Has a building ever placed you in the future? Maybe it was a visual effect: You didn’t know an overhang could protrude 50 feet outward with no visible support, or that a skyscraper could have holes punched through it or that glass could contort like vines. These moments are fleeting, though, because what you are seeing is now. What you are seeing is the trickling down of design from five, ten, even twenty years ago — design that was the future then — that is only now being realized in its glory through the advent of the technical expertise of firms like Front Inc. 

Marc Simmons, Front Inc.’s founding principle and professor of architecture at MIT, visited the Stamps Auditorium of the Walgreen Drama Center this last Tuesday to demystify such techniques for a crowd mainly comprised of head-in-the-clouds students of Taubman College of Architecture and Urban Planning.

The defined role of most architecture firms in the present day is to conceptualize buildings with minimum specificity — specifics maybe down to, say, the size of window frames and panes — and pass these drawings on to manufacturers for shop drawings with precise dimensions to be made. My education at Taubman College reflects this expectation. That’s not what Front Inc. is about.

Take Zaha Hadid’s Morpheus Hotel in Macau. This is the elaboration, the ambition, the ceremony, the pomp that points us to the future. Hadid’s projects are known throughout the world for their supermodernity; that is, their singular forms that swoop into our view and captivate. Unlike in the U.S. and Europe, growing tourist hubs like Macau have the means and motivations to support such escapades.

And Front has the technical expertise to realize such designs. This expertise manifests itself in the company’s ability to develop an in-house Rhino (3D modeling software) program extension that tracks and lays out all 1.6 million parts. This isn’t drawing done by hand, nor is this drawing isn’t done by selecting the “line” command in Rhino — no, this drawing is automatically generated and laid out by data sheets. Simmons showed images of this software throughout, consistently noting that they were “rhetorical”: They communicate how unfathomably complex the structure is, nothing else.

Front Inc. doesn’t make concept drawings for some manufacturer to interpret and adapt to industry standards; rather, they scrutinize these standards themselves. They run their own calculations and essentially rewrite the rules for how buildings can look and perform. For 2050 M Streetin Washington D.C., the firm in charge of design proposed a façade of several hundred modular panels of curved glass. Glass is hard enough to deal with in glass cubebuildings because it’s a poor insulator, expands quickly and by code must be energy efficient (often giving it an off-putting tint or reflectivity).

So to what ends did Front go so that the designers could have their pristine curved glass facade? Through calculation, they minimized the width of the meeting rail — the metal that joins the glass — beyond precedent. Their precision allowed for a one-pass installation with no adjustments for tolerance, saving time and money by making sure it was done right the first time (all the while doing something that’s never before been done before).

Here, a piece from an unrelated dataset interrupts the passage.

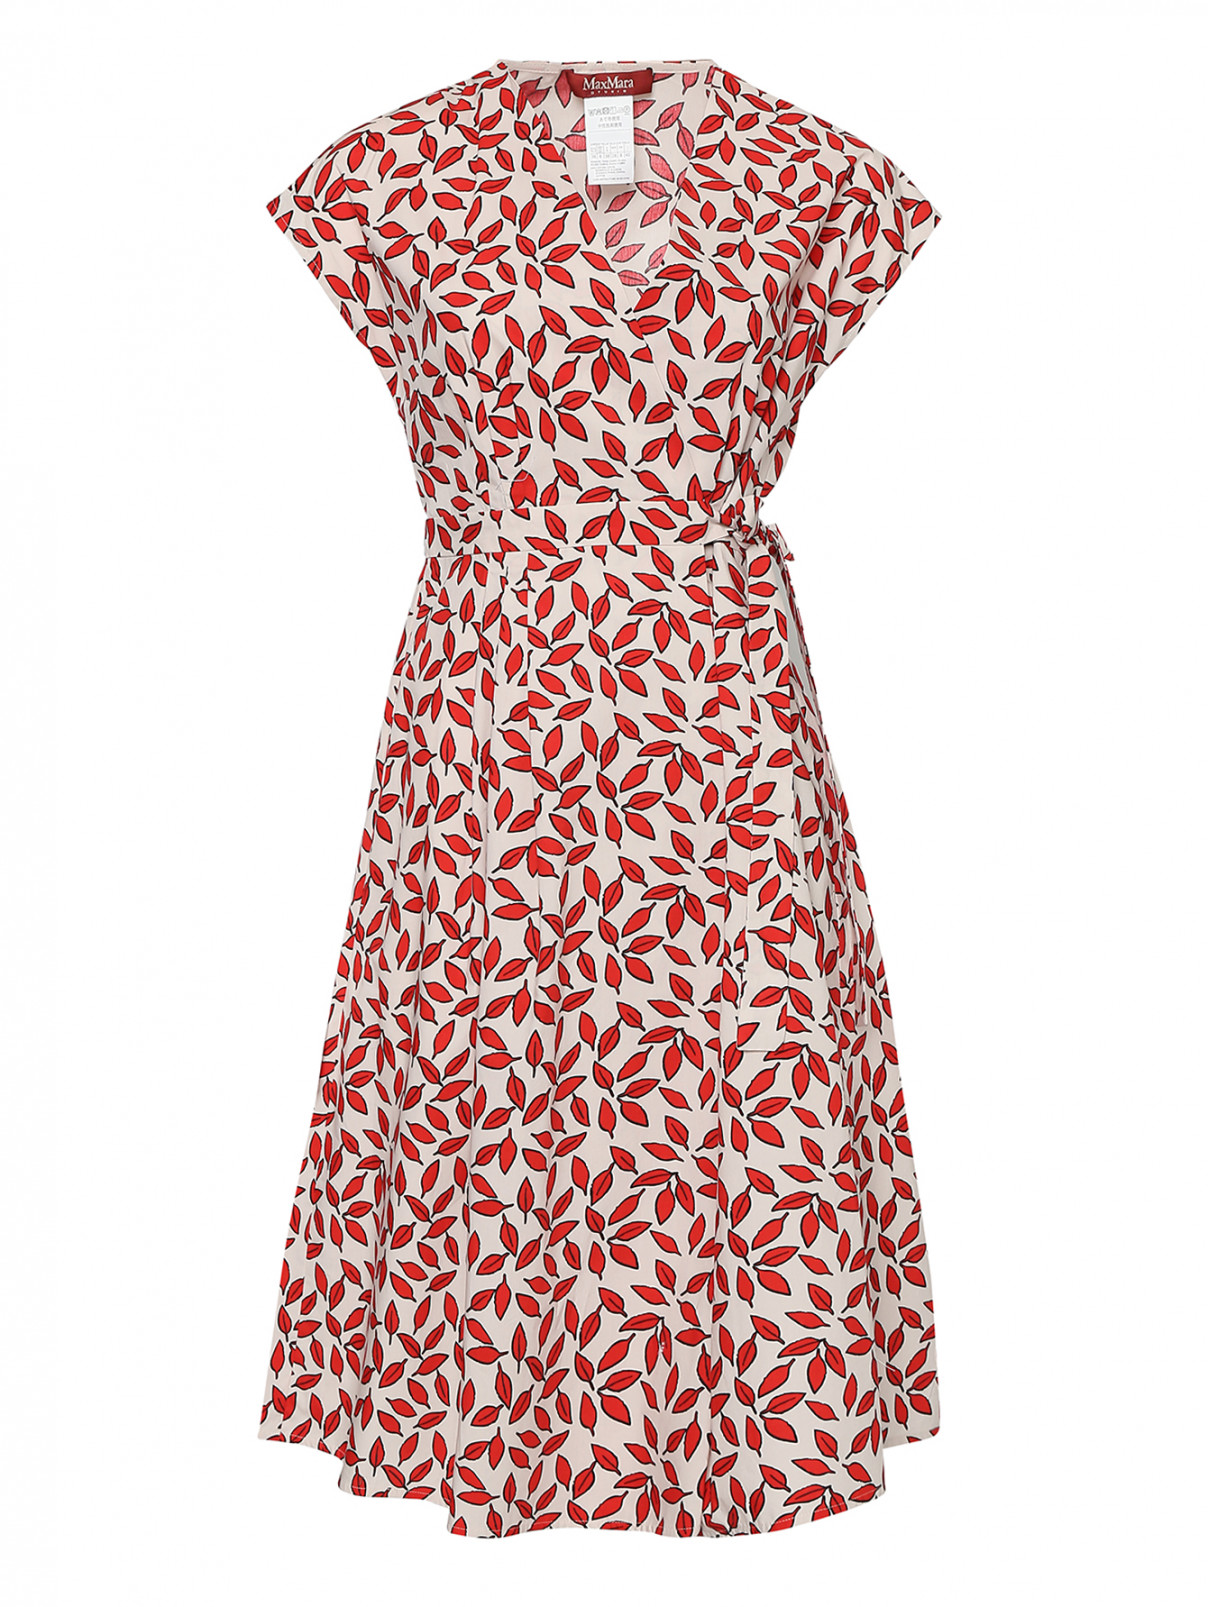 Платье из хлопка, со складками на талии Max Mara  –  Общий вид  – Цвет:  Мультиколор
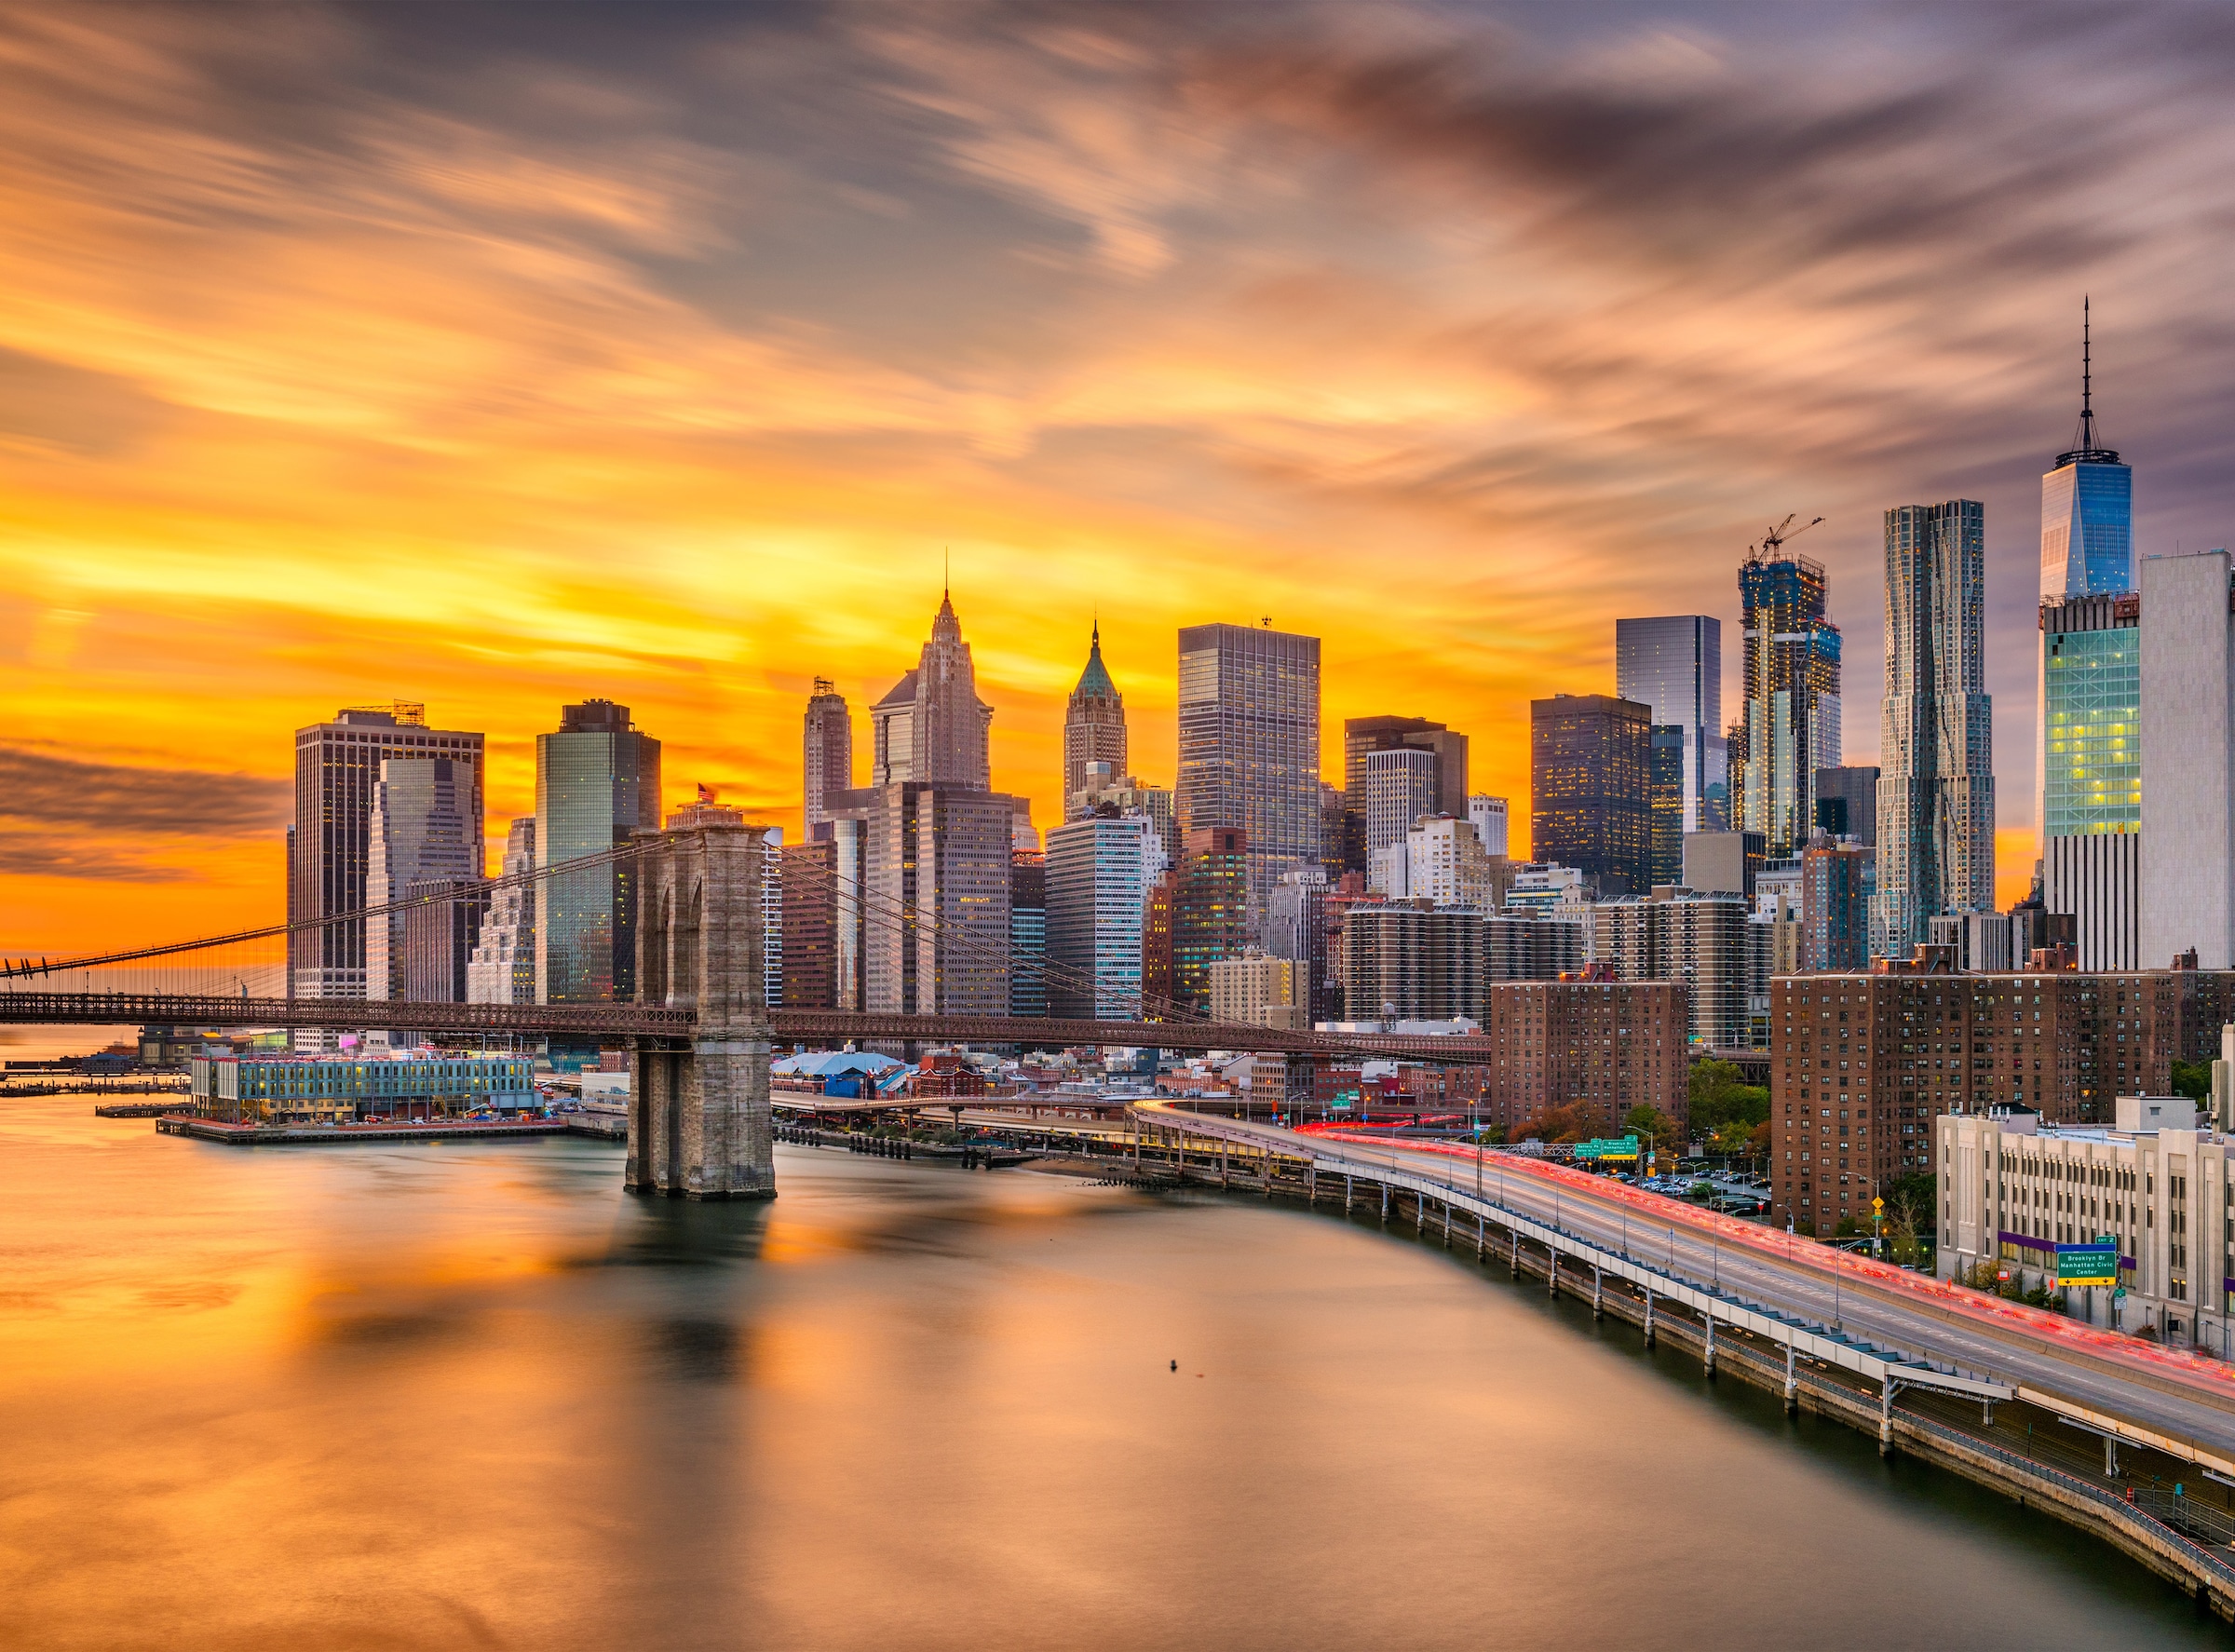 Papermoon Fototapete "Manhattan Skyline Sunset"

On top of fully designing such details themselves, Front Inc. hosts a mini design competition for all of their projects, paying all willing and able manufacturers to build a performance mockup — an exact replica — of a particular corner of that building. Then they fly out any number of their 40 employees over three continents to evaluate just how perfect these models are. In every case, the project owner pays in full whatever price these manufacturers name to make such mockups. That’s how much trust there is that Front will get it right. And they always have.

In 17 years of some of the most ambitious engineering work in the industry, Front Inc. has a claims record with their insurance company that is 100 percent clean. Simmons has done façades ranging from $30/square foot to $1500/square foot, and the same discipline is applied to each.

“For whatever it’s worth … it’s possible,” concluded Simmons.